About this task: Look through the listing below for the line containing "Phylogenetic tree of". Copy it and each line after it up to and including the line containing "A dog chews", exactly, leaving out pictures.

====== Material for this exercise

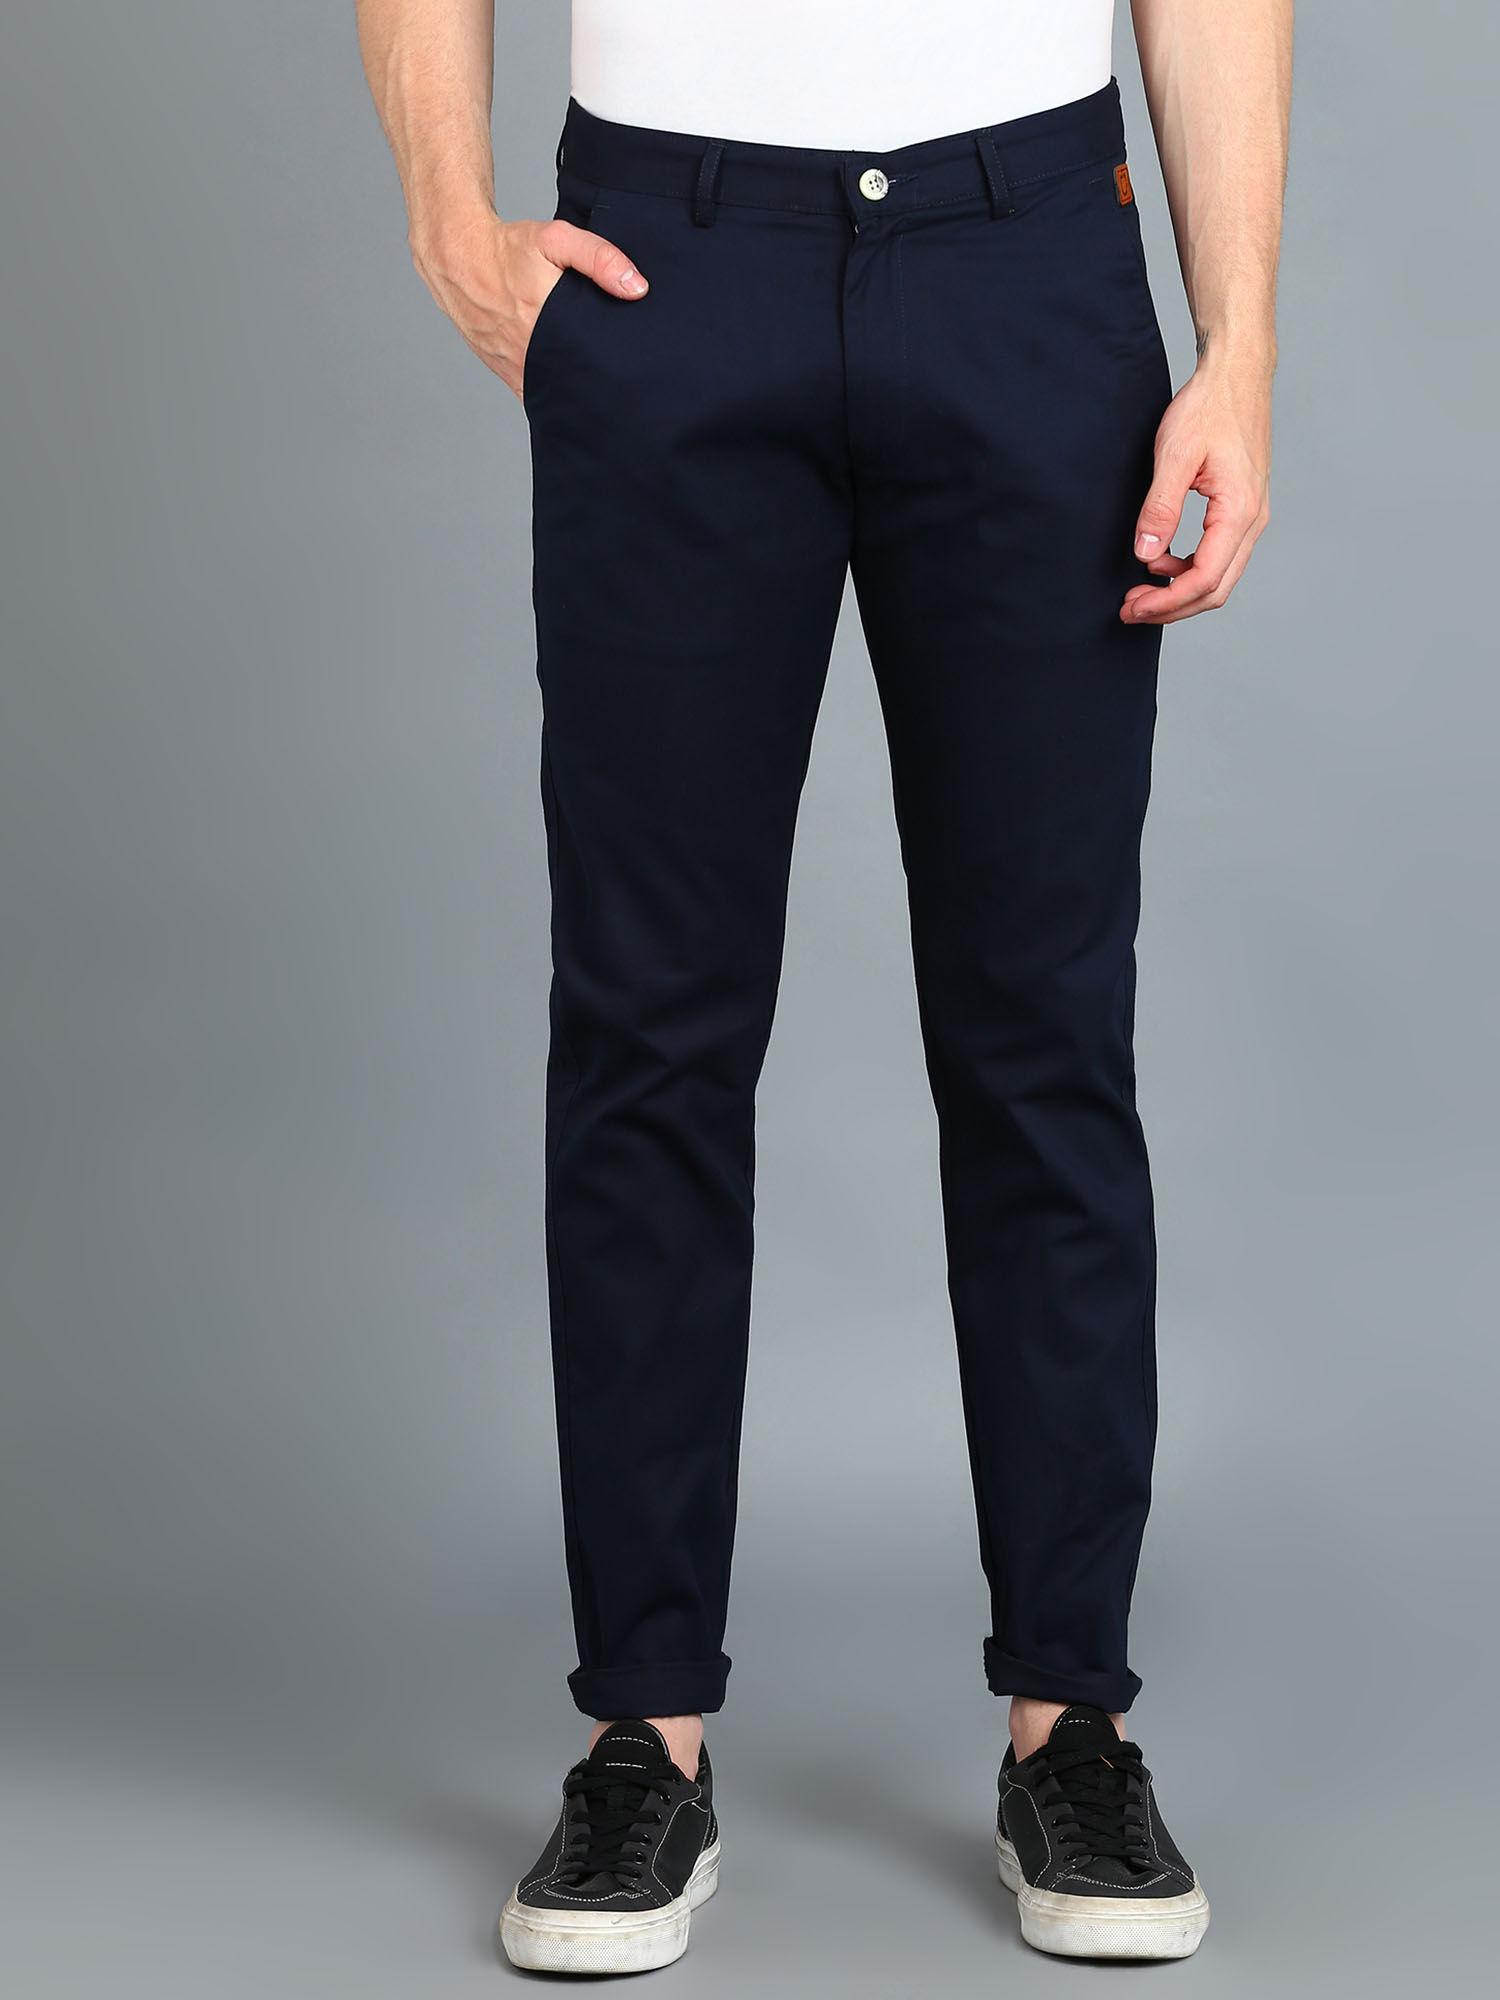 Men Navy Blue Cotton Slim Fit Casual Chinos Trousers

============
====== Material for this exercise

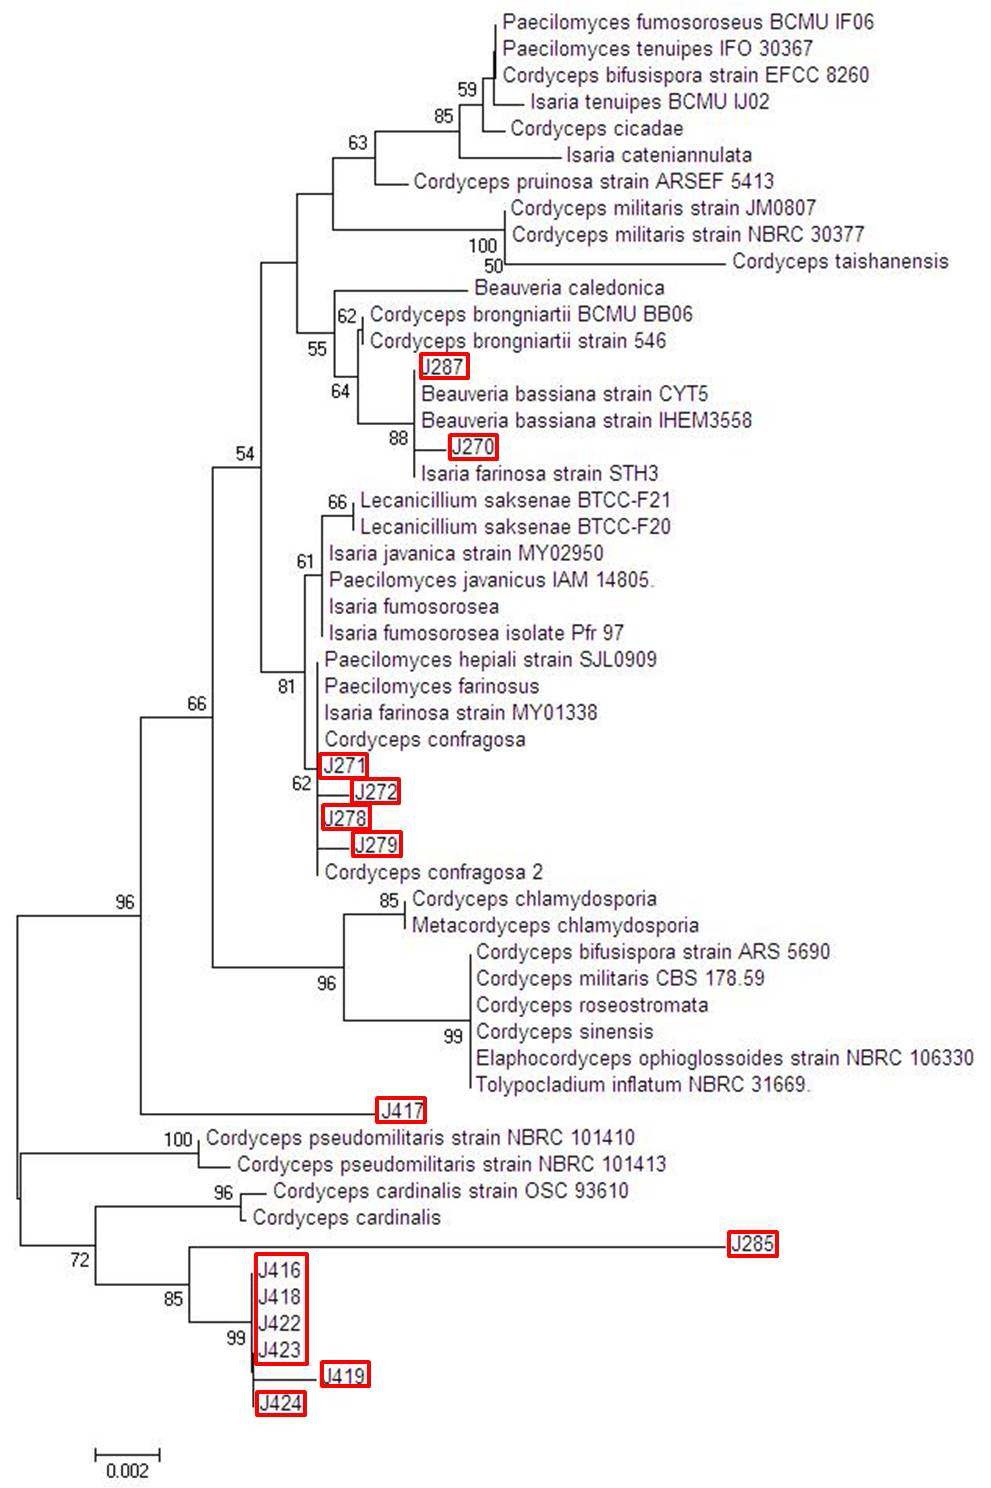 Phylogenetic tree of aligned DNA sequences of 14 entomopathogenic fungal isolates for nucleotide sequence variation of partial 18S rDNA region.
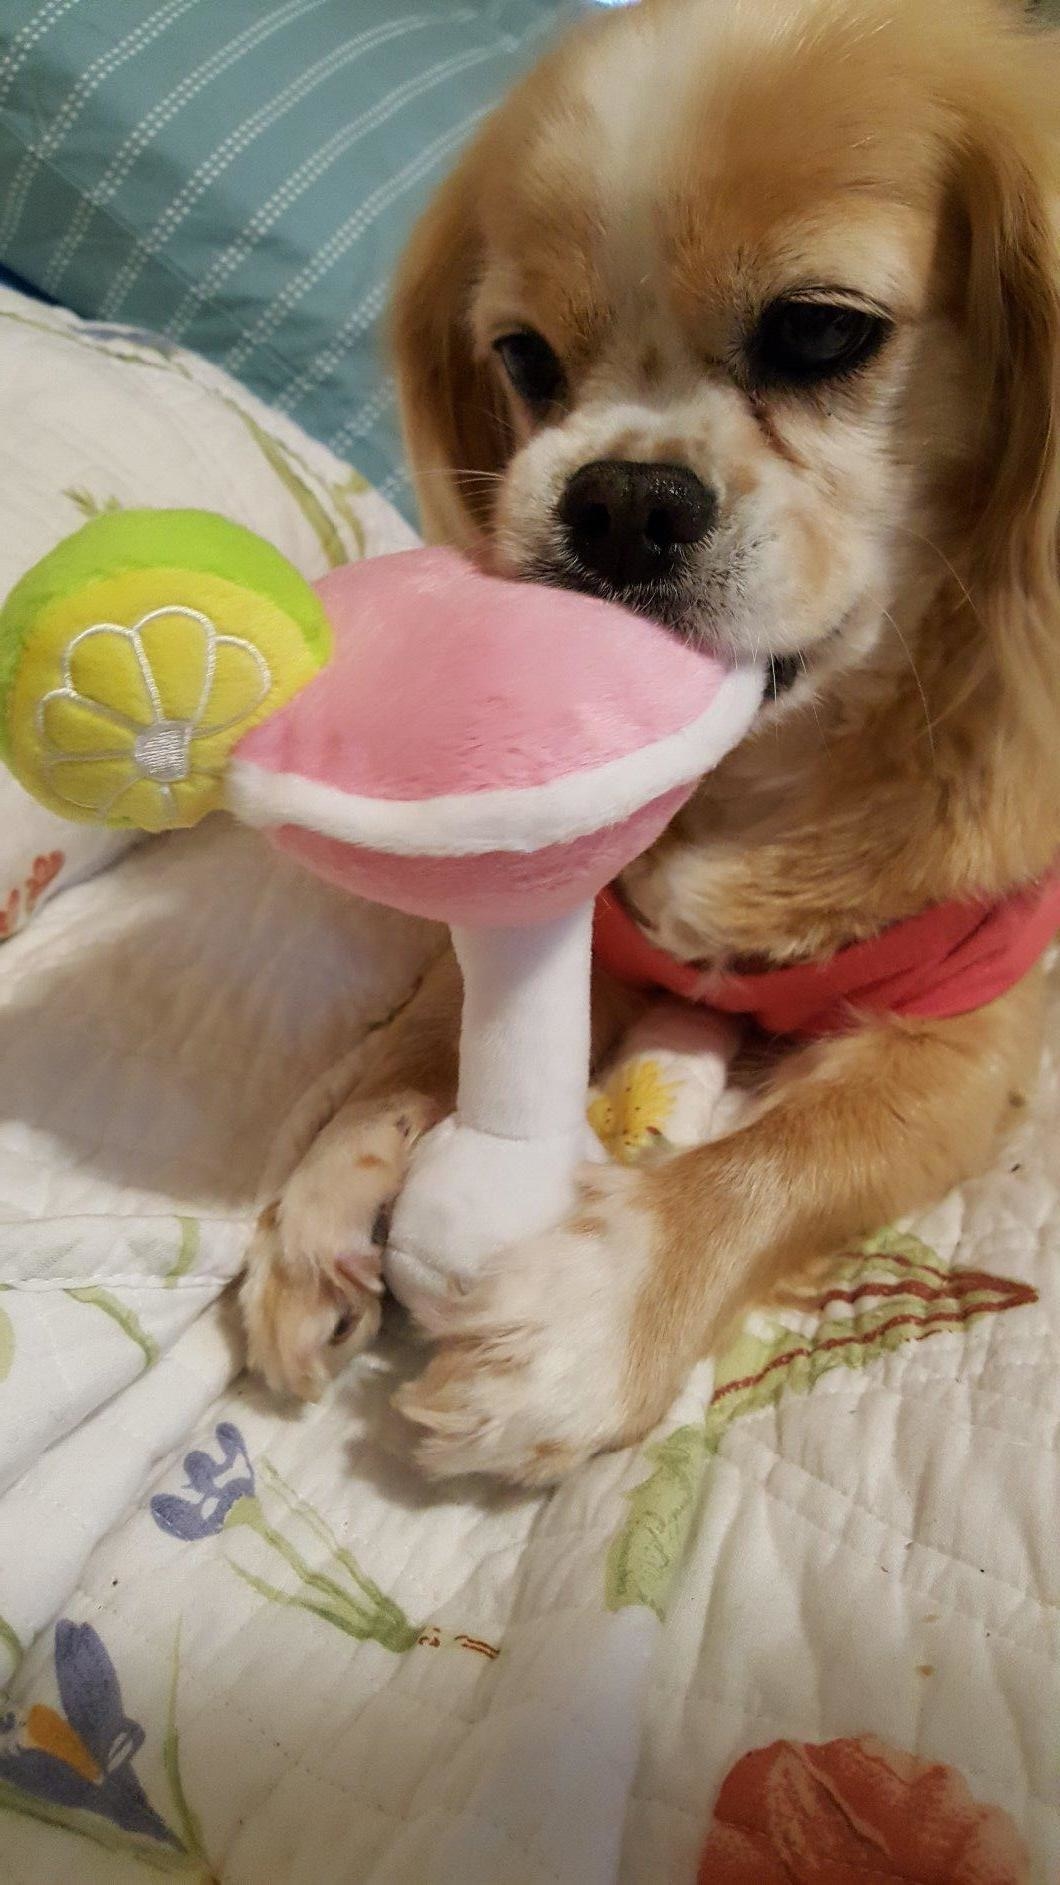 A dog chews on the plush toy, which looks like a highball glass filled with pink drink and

============

Your solution:
 Phylogenetic tree of aligned DNA sequences of 14 entomopathogenic fungal isolates for nucleotide sequence variation of partial 18S rDNA region.
 A dog chews on the plush toy, which looks like a highball glass filled with pink drink and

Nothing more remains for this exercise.